Let us see what can happen when the participants used for investigation of a test are quite different from the people for which the test is intended:
A test is intended to be used to make an early diagnosis of myocardial infarction (MI). It was evaluated on patients who presented with chest pain in cardiologists’ offices. The patients were included even if they had a previous MI. The results of the test indicated excellent diagnostic performance in early diagnosis of MI. When the same test was used in emergency departments on all patients with chest pain without a clear-cut explanation, the test did not perform nearly as well.

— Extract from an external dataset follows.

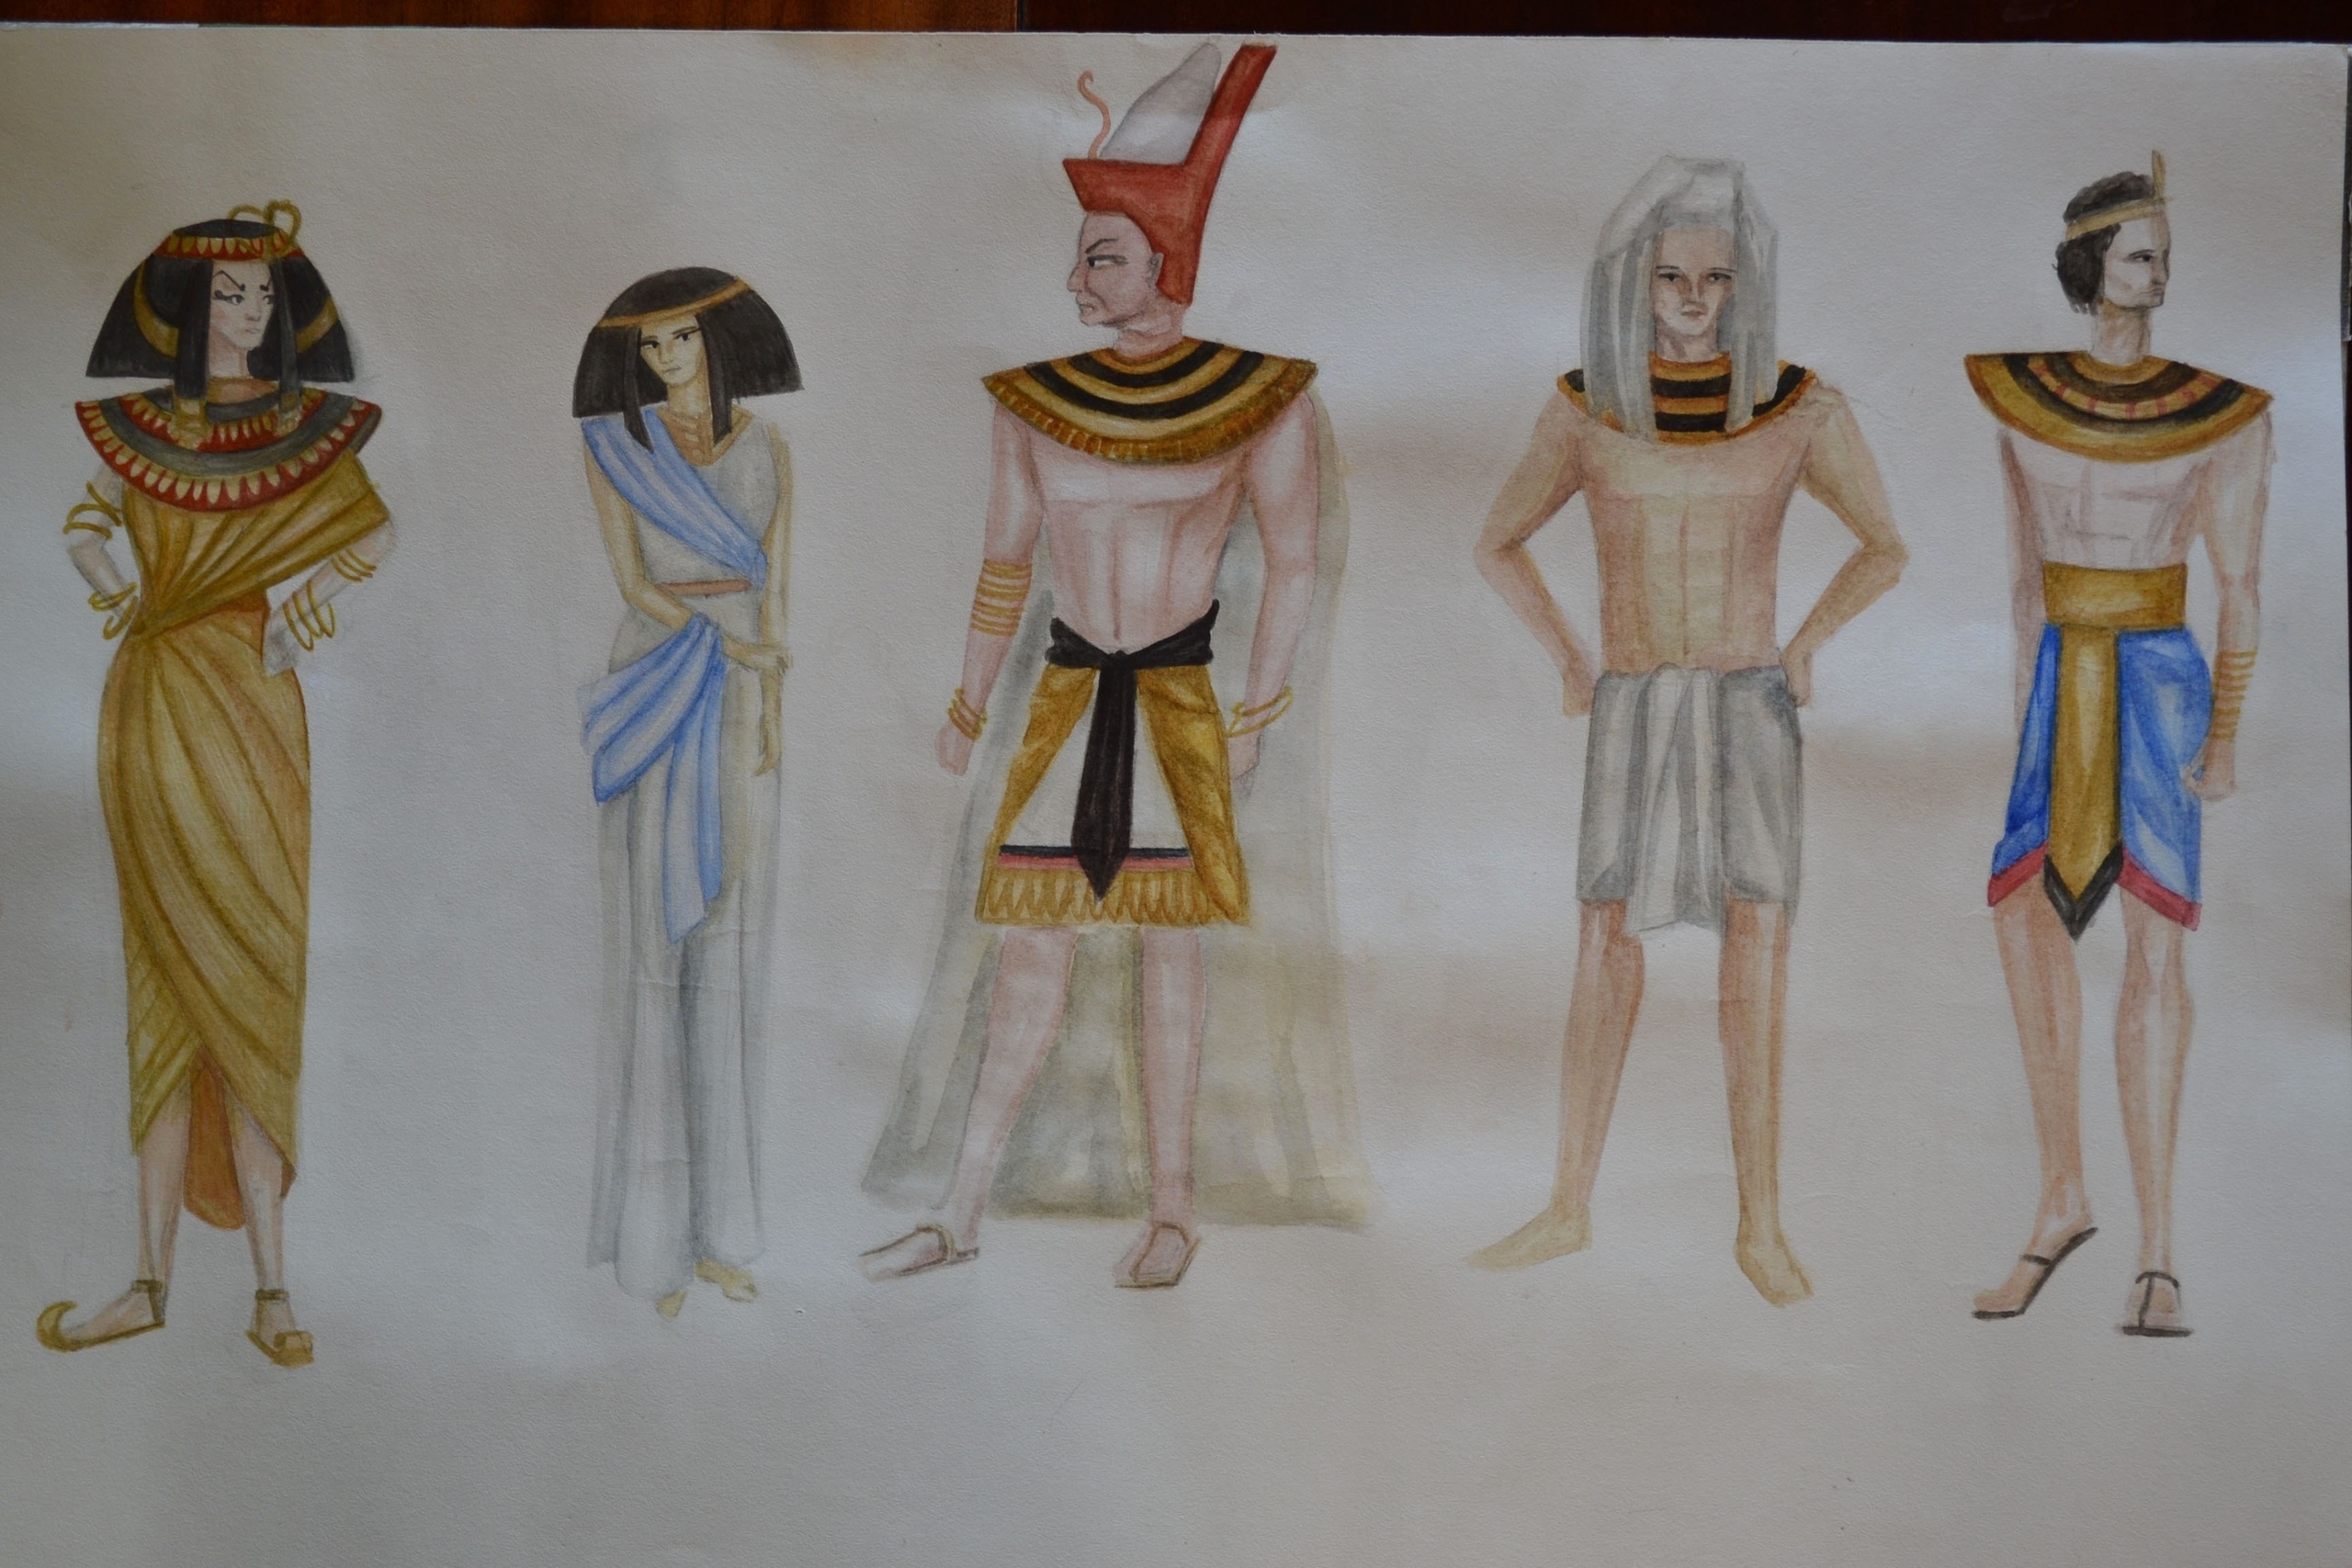 Карнавальный костюм Фараона

The patients being followed by cardiologists are likely to have had a previous MI or known coronary artery disease. They may also have complications of coronary artery disease such as heart failure. These patients are likely to have different symptoms and a different pattern of test results when they experience another MI compared with a population of emergency department patients with no history of MI.
Therefore, it is important that the investigator defines the intended population when studying the performance of a test. If the intent is to use the test on a general population with chest pain but no previous history of coronary artery disease, it is important that the investigation of the test be conducted in emergency departments, primary care clinic, or a similar setting.
To describe the participants, the STARD criteria expect that investigators will indicate their inclusion and exclusion criteria. In addition, as we will see when we consider assignment, considerable detail is expected on the process of patient recruitment that along with the inclusion and exclusion criteria ultimately determine whether the participants are representative of the target population for whom the index test is intended.